# Amazon Prime Members



## Knight (May 1, 2020)

Finding this wasn't easy
https://www.amazon.com/gp/help/cust...ab_comp_cu&ie=UTF8&qid=1588353600&sr=13-1-acs

I sent this
effective today 05/01/2020
place my account on hold due to delay by amazon for prime delivery

please advise when prime delivery returns to normal
please confirm the hold by emailing me. 


we can't hold your prime but we will be happy to issue 15% refund without cancelling it
Shall I process the refund?
M10:50 AM
YES

Customer Service
I'm unable to refund in Gift card, I have processed the refund in original payment method for $17.85
M10:54 AM

Not much but it does hold a business accountable for the service that was paid for.


----------



## terry123 (May 1, 2020)

Never had prime because I always get what I ordered ahead of what they say.  Prime does not benefit me in any way.  Amazon says something will be delivered in 5-6 days but always comes at least 2 days ahead of that.


----------



## Ken N Tx (May 1, 2020)

I have Prime, ordered a part for a mower and it said to expect a 1 week delay do to all the deliveries that they were experiencing . I got the part in 2 days.


----------



## hollydolly (May 1, 2020)

I agree with your stance Knight...

I have Prime as well, and up to now we've  only had one delay on a delivery ....


----------



## fmdog44 (May 1, 2020)

Unless it is an  emergency who care if it takes teo days or six days? I dropped prime  long time ago.


----------



## C'est Moi (May 1, 2020)

I have Prime and lately get the "possible late delivery" advisory, but so far we haven't had any significant delays.  I don't care about getting any refund; they are doing the best they can at a difficult time.


----------



## Devi (May 1, 2020)

Ditto here what @C'est Moi said. I think they're doing their best, and we've not had any non-deliveries.


----------



## Ken N Tx (May 2, 2020)

I ordered 2 items yesterday and got an email this morning that it will be delivered today..


----------



## Pappy (May 2, 2020)

Ordered hearing aid batteries Thursday, got them Friday. It’s amazing to me how fast they can get products to us.


----------



## Ronni (May 2, 2020)

I have Prime, but have experienced no significant delays in the few things I've ordered recently.  In fact, in EVERY case, though I was advised that delivery was going to be several days hence rather than the guaranteed two day delivery that I've been  used to for years, the items came 1 - 4 days earlier than I was told.

I've had Prime for a long time, and over the years have had to contact customer service for a variety of things.  In every single case, my issue was resolved quickly and easily.  No muss no fuss.  There were a couple of occasions where I returned my item as instructed, but didn't receive a credit back to my bank account.  In one case I had proof of having taken the item to UPS, but in the other case I had nothing.  Both times the rep apologized, and immediately adjusted my account to reflect the return and I had the money back in my account in a couple of days.


----------



## Ken N Tx (May 2, 2020)

Pappy said:


> Ordered hearing aid batteries Thursday, got them Friday. It’s amazing to me how fast they can get products to us.
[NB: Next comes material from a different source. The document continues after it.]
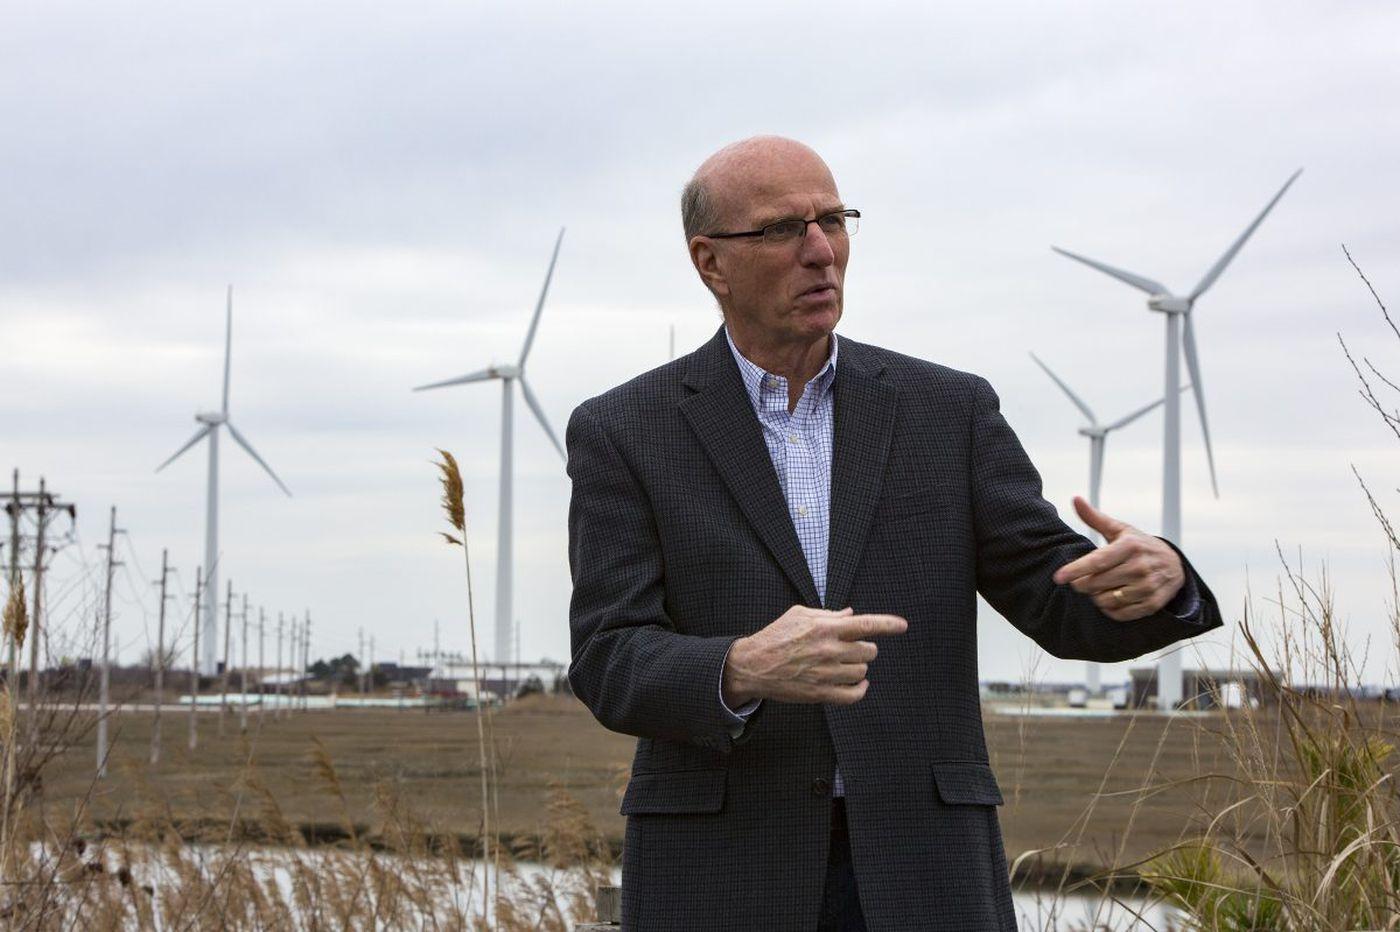 Wind energy eyes restart in N.J. with Gov. Phil Murphy in office
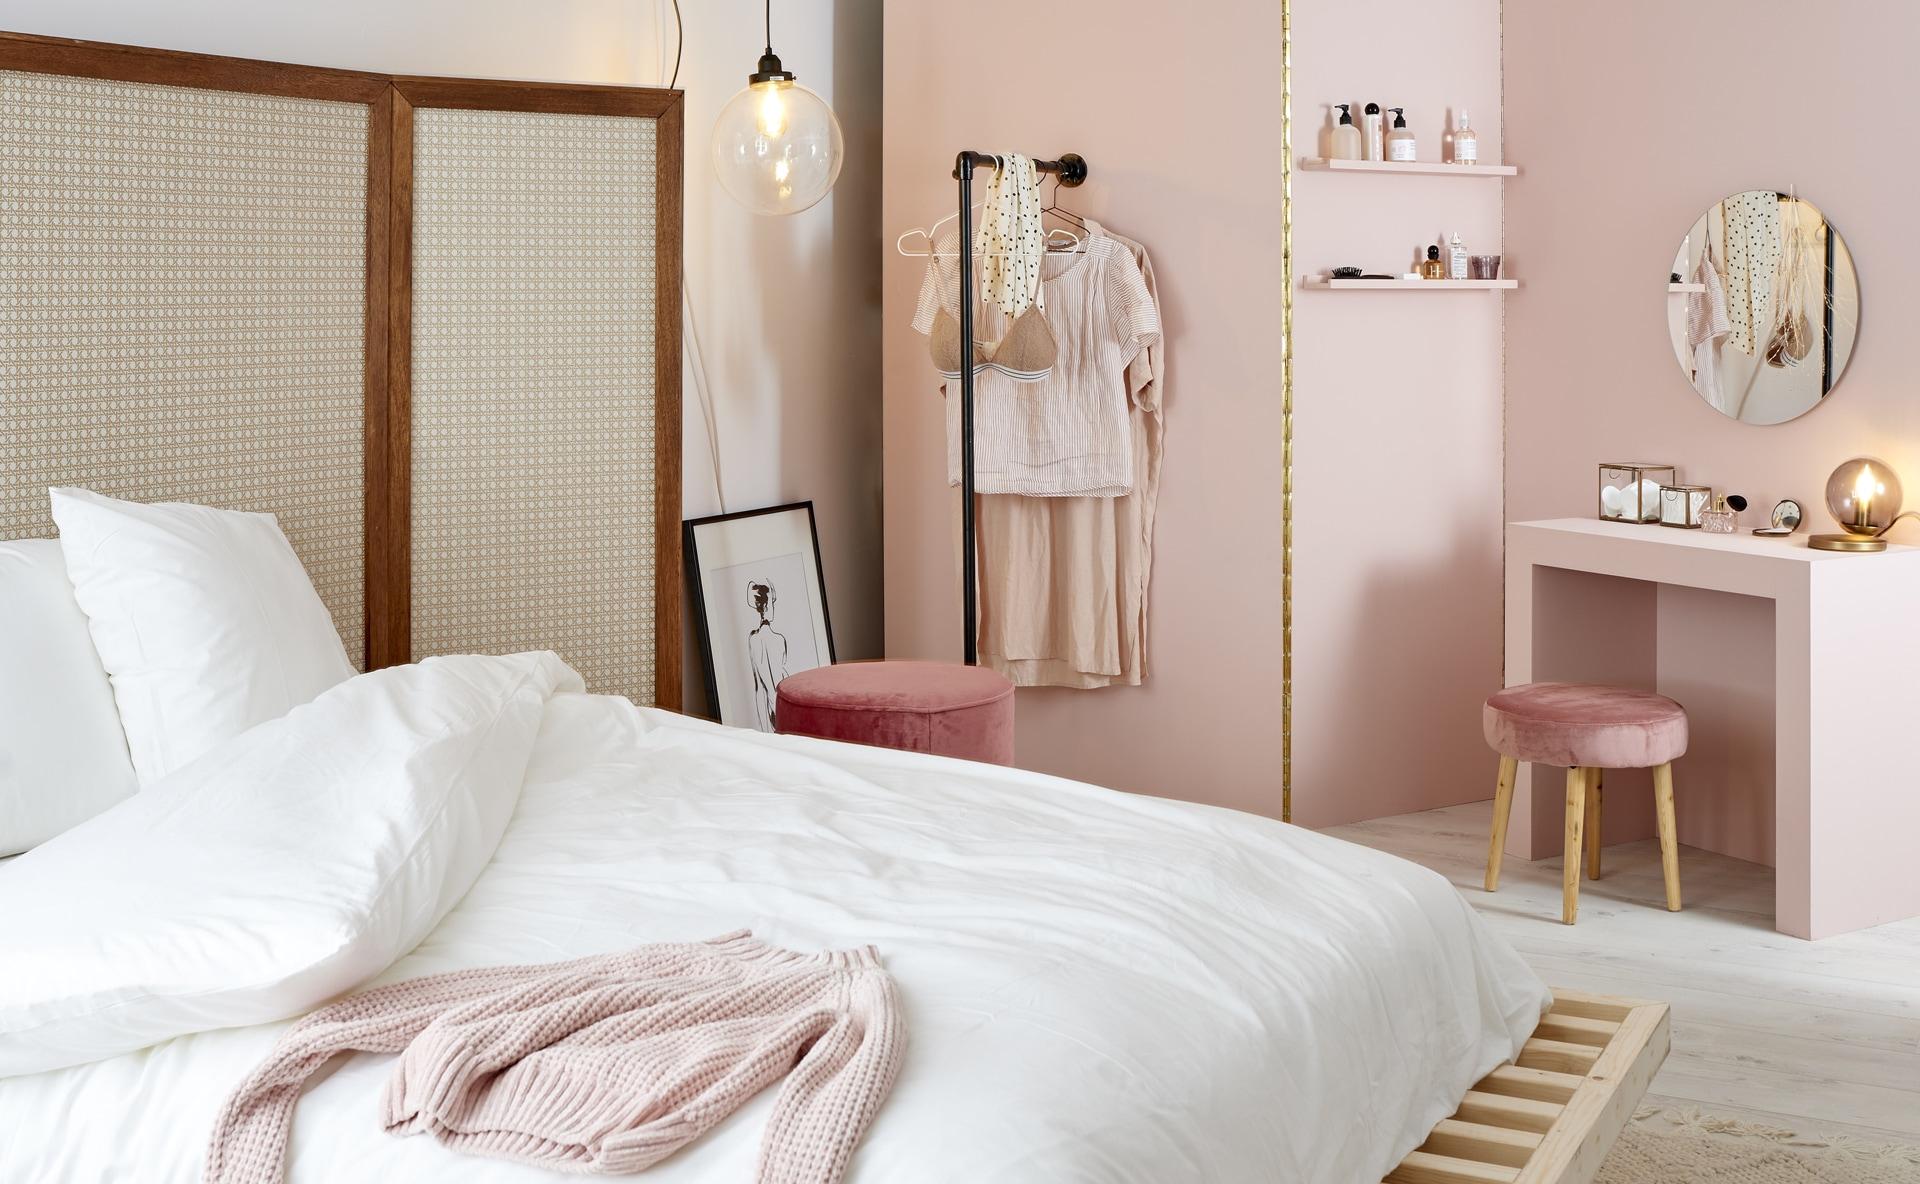 Rolgordijnen Slaapkamer 86 : Shop bij karwei de producten uit het karwei huis slaapkamer

We have 2 distribution warehouses close by in Texas...


----------



## Ken N Tx (May 2, 2020)

Ken N Tx said:


> I ordered 2 items yesterday and got an email this morning that it will be delivered today..View attachment 102302


Package arrived at 11:30 AM by Prime delivery..Got a notification from Alexa and email..


----------



## Lethe200 (May 3, 2020)

We've had some delays, but there's nothing so terribly urgent that it mattered much. We have lots of storage space in our home and I'm usually well beforehand in ordering replacements.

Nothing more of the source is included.